Jul 8, 2014, 11:13 AM EDT
Matt Williams can rattle off the names of several former managers who helped him learn how best to deal with a clubhouse full of major leaguers and keep everybody on the same page: Roger Craig, Dusty Baker, Bob Brenly.
Ask Williams who most taught him how to prepare himself and his team for a ballgame, and there’s one immediate answer: Buck Showalter.
“I try to be as prepared as possible. For me, he was the most-prepared manager I ever played for,” Williams said. “This was back in a time when we didn’t necessarily have the matchup sheets that show what this particular guy is against that particular pitcher for his career, and this year and the last three years, too. But Buck always was prepared for any situation.”
Williams and Showalter crossed paths for three seasons in Arizona, with Showalter serving as the Diamondbacks’ first-ever manager from 1998-2000 and Williams as the expansion club’s veteran third baseman.
The player-manager relationship was mutually beneficial.
“Matt was a watcher,” Showalter said. “He could stump the managers as good as anybody [asking questions]. … Matt doesn’t play for you. You feel like: Golly, I got a chance to manage Matt. Or not manage. Just watch him.”
“That’s very nice of him to say,” Williams responded. “Like I said, I learned a lot from him. That’s extremely nice of him to say. We had a lot of guys over there who loved to play the game. It started with him and his philosophies and how he wanted it done.”
That included quite a bit of preparedness not only on the field but in the clubhouse as well. Hired by the Diamondbacks two years before they ever played their first game, Showalter was tasked with establishing a uniform organizational philosophy for everything from bunt plays to how everyone should wear their their socks (with the club’s “A” logo visible).

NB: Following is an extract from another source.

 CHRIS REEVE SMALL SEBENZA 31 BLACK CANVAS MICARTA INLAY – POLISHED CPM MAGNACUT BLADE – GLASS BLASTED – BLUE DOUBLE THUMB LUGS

Williams doesn’t have that kind of overarching responsibility in Washington, but he has taken plenty of cues from Showalter when it comes to organization.

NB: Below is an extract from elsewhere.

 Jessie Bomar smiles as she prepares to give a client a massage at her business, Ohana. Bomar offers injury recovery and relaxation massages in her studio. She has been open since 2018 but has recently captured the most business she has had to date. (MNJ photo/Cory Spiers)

“I love structure,” he said. “I like the fact that we had the ‘A’ on the sock and we had to show the ‘A’. I like that. That’s just me. Everybody has their own thing. But I enjoyed the way he went about it, the way he ran the team and the organization from the beginning.”
On the field, Williams appreciated Showalter’s absolute commitment to whatever his plan was at a given moment in a ballgame. The most-extreme example: May 28, 1998, when Showalter decided to intentionally walk Barry Bonds with the bases loaded and two outs in the bottom of the ninth, with the Diamondbacks clinging to a 2-run lead.

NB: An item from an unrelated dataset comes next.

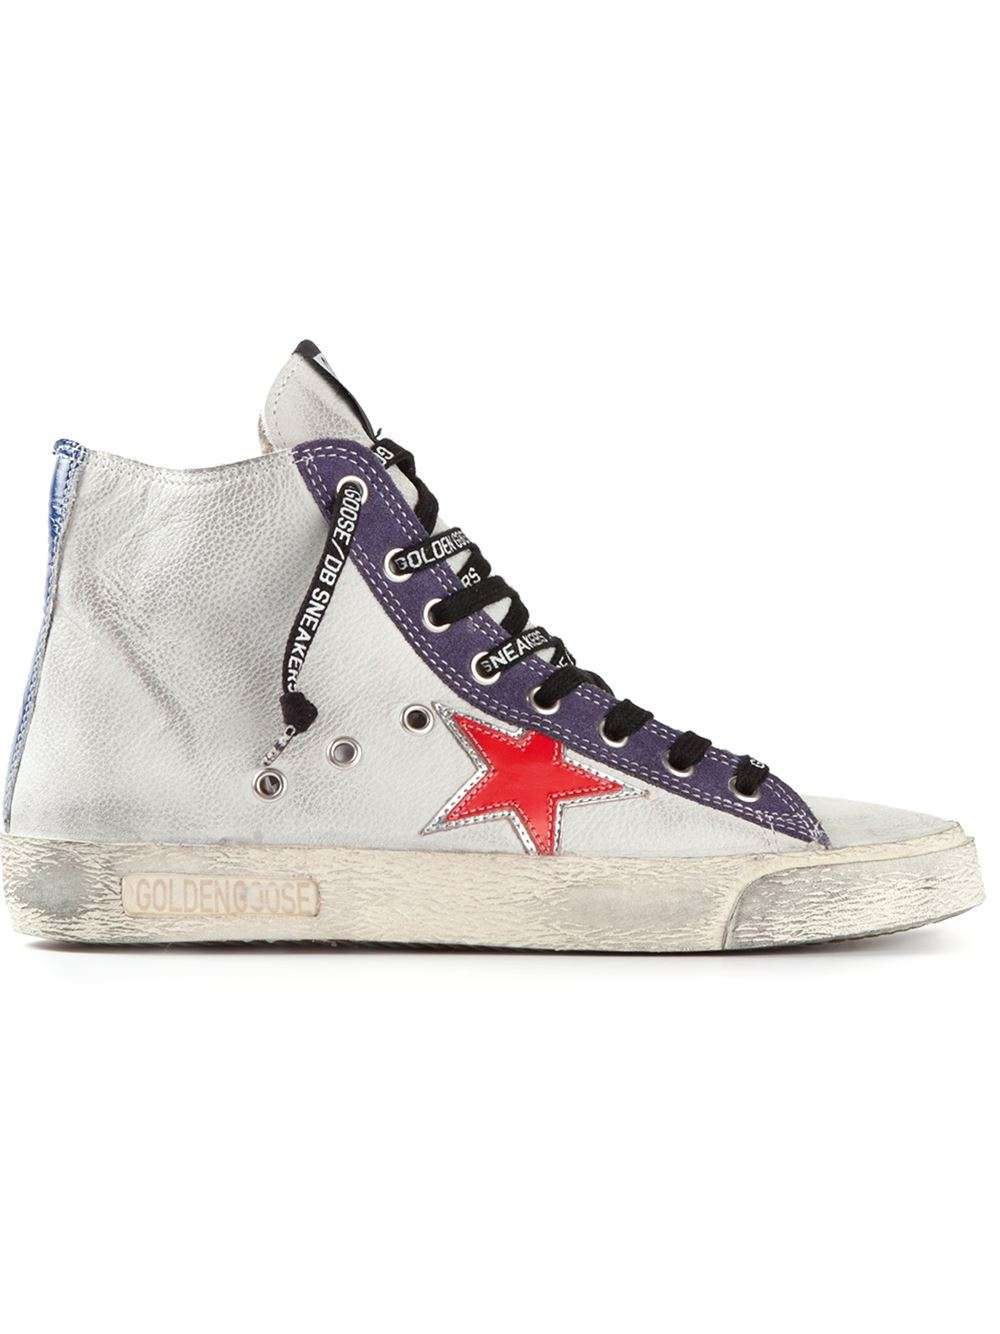 Golden goose deluxe brand High Top Lace Up Sneakers in ...

“He took it upon himself as the manager to say: ‘I’m going to walk Bonds here, walk a run in and now be up by 1 run with the bases loaded, knowing that one swing of the bat could win the game for those guys,'” Williams said. “But that intestinal fortitude and that commitment to what he was trying to do showed us a lot as a team. That’s an example: ‘This is what we’re going to do. I’ve got confidence in you guys that you’re going to be able to get this guy out.'”
The Diamondbacks indeed got the next guy (Brent Mayne) out and won the game.
Though Williams and Showalter have reputations as serious men — perhaps even bordering on high-strung — each knows how loose the other can be behind the scenes.
“Matt’s got a great sense of humor,” Showalter said. “Very engaging. We’ve had some really funny times together. Sometimes you’ve gotta search for things to laugh about. Sometimes you’ve gotta laugh to keep from crying.”
So when the two men exchanged lineup cards and handshakes at the plate last night before their first-ever game managing against each other, they were able to smile. For a moment. Then it became all business again.
“I think he runs the game great,” Williams said. “Certainly taught me a lot inadvertently as a player. You never think about it when you’re playing, but now things come up during the game and you go: ‘I remember what Buck did there, or how he handled that situation.’ He’s a great teacher.”
“I’m excited for him,” Showalter said. “He’s done it the right way.”